When doctors came by, or my parents poked their heads in, hoping to be allowed in, she gracefully left my room like she had some other person to visit on the floor. A while later, she would emerge with McDonalds and casually bring up moments from
our highlight reel: my first kiss, which she dared me to have with a boy that liked me. I spent the whole time staring at her, eyes wide open, as she tried to pantomime French kissing instructions. Or she’d talk about the time I had stayed home sick from school when we had an AP biology take-home test due. We normally traded off tests, changing a few answers each time to make sure it didn’t look like we were cheating. I called the school in my most grown-up voice and said that I was her Aunt Kim and that there was a family emergency and she needed to be pulled out of class. The school secretary put Rachel on the phone, and I relayed the test answers to her before she was due in Dr. Sullivan’s class. All the while she made understanding
oh
s and
aww
s while filling in her Scantron in front of the front office staff. Or the time we went to TGIFriday’s and our waiter was so enamored with her he forgot to bring me my soda or food, until she finally ordered for me.

She had somehow made a week in the hospital, getting blood drawn between psych evaluations, seem like any other sleepover.

I asked Rachel not to tell Anna about my suicide attempt, at least not until I was out of the hospital. I felt stupid and dramatic and didn’t want anyone else feeling awkward around me, plus Anna had been spending the summer with her grandmother, and I didn’t want her to feel like she had to take me in.

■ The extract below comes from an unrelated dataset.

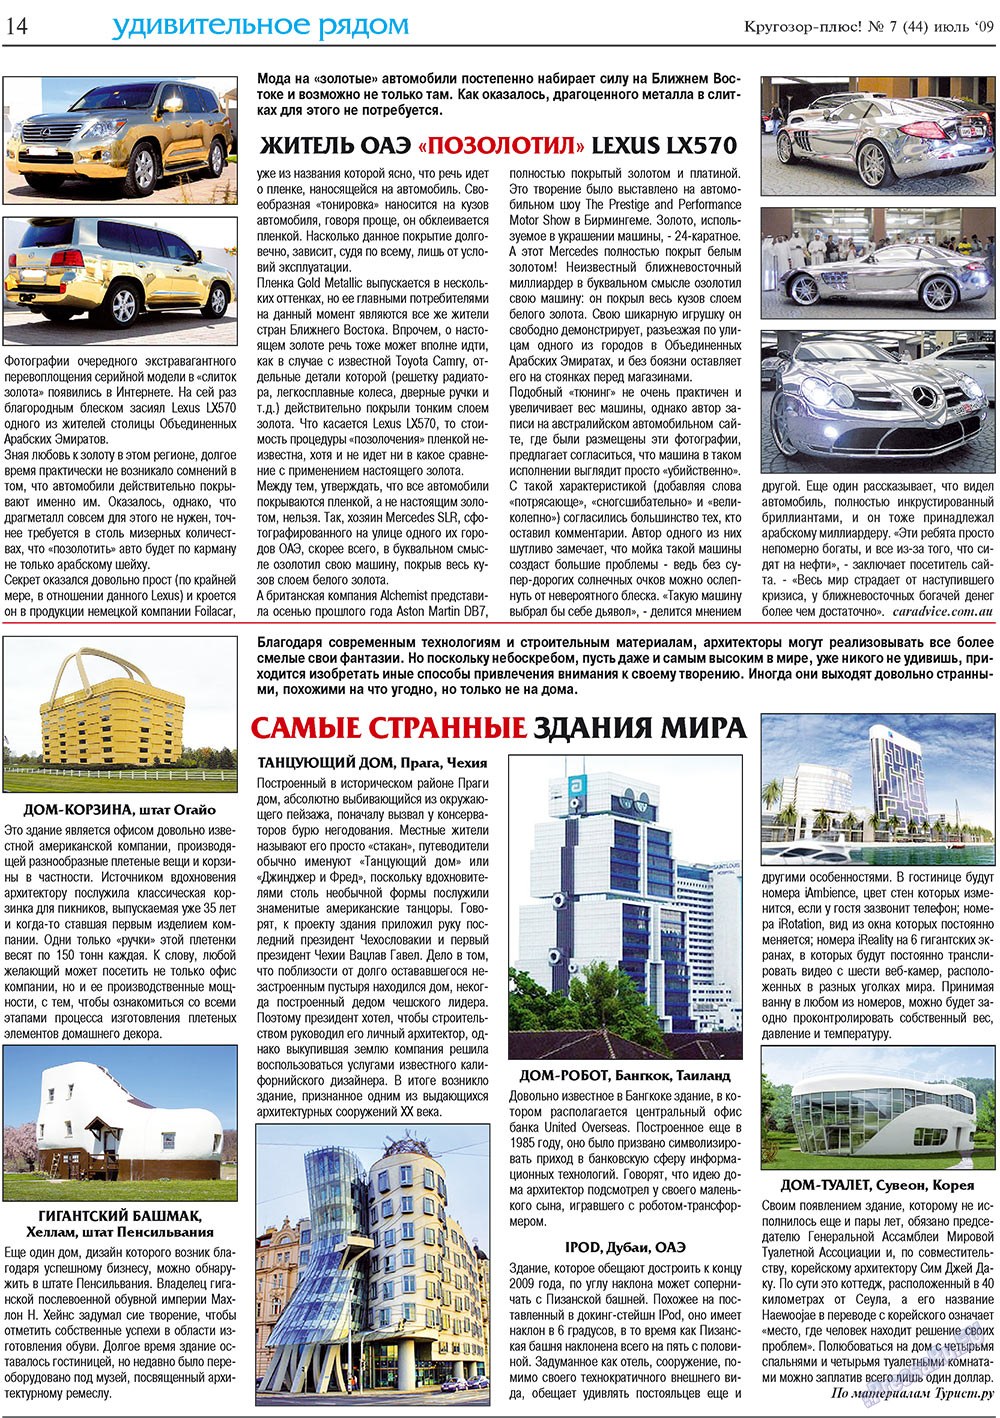 Кругозор плюс!, газета. 2009 №7 стр.14

When I left the hospital, I didn’t know where to go. I couldn’t go back to Rachel’s house, and I refused to go back home.

I scheduled as many security guard overnight shifts as I could, and the nights I was off I slept in my car. The 1988 Pontiac Grand Am was my safe place. I was meticulous about its upkeep, vacuuming it daily and changing air fresheners monthly so that it always smelled good. I parked my car in my favorite place
each night, Peppermint Park. It was a tiny playground across the street from the restaurant I worked at, the place I went when I wanted to be alone. During the day I would sit in my car watching the kids play, and at night I would swing alone on the swings or curl up in the backseat with the pillow and blanket I kept in the trunk.

My father settled right back into his happy-go-lucky self when I left the hospital, content to chalk up my overdose as something else to forget ever happened. My mother couldn’t let it go as easily. She was overly careful and accommodating around me, afraid to touch me or say anything that might be upsetting. They made a practice of stopping into the restaurant for dinner almost every night to make sure I was there, but they never questioned my sleeping arrangements. I told them I would never go back to their house, and so they assumed I was at Rachel’s. I didn’t want them to know I was sleeping in my car. When they lingered at the front of the restaurant before leaving to say good-bye, I would act extra-peppy and tell them everything was fine.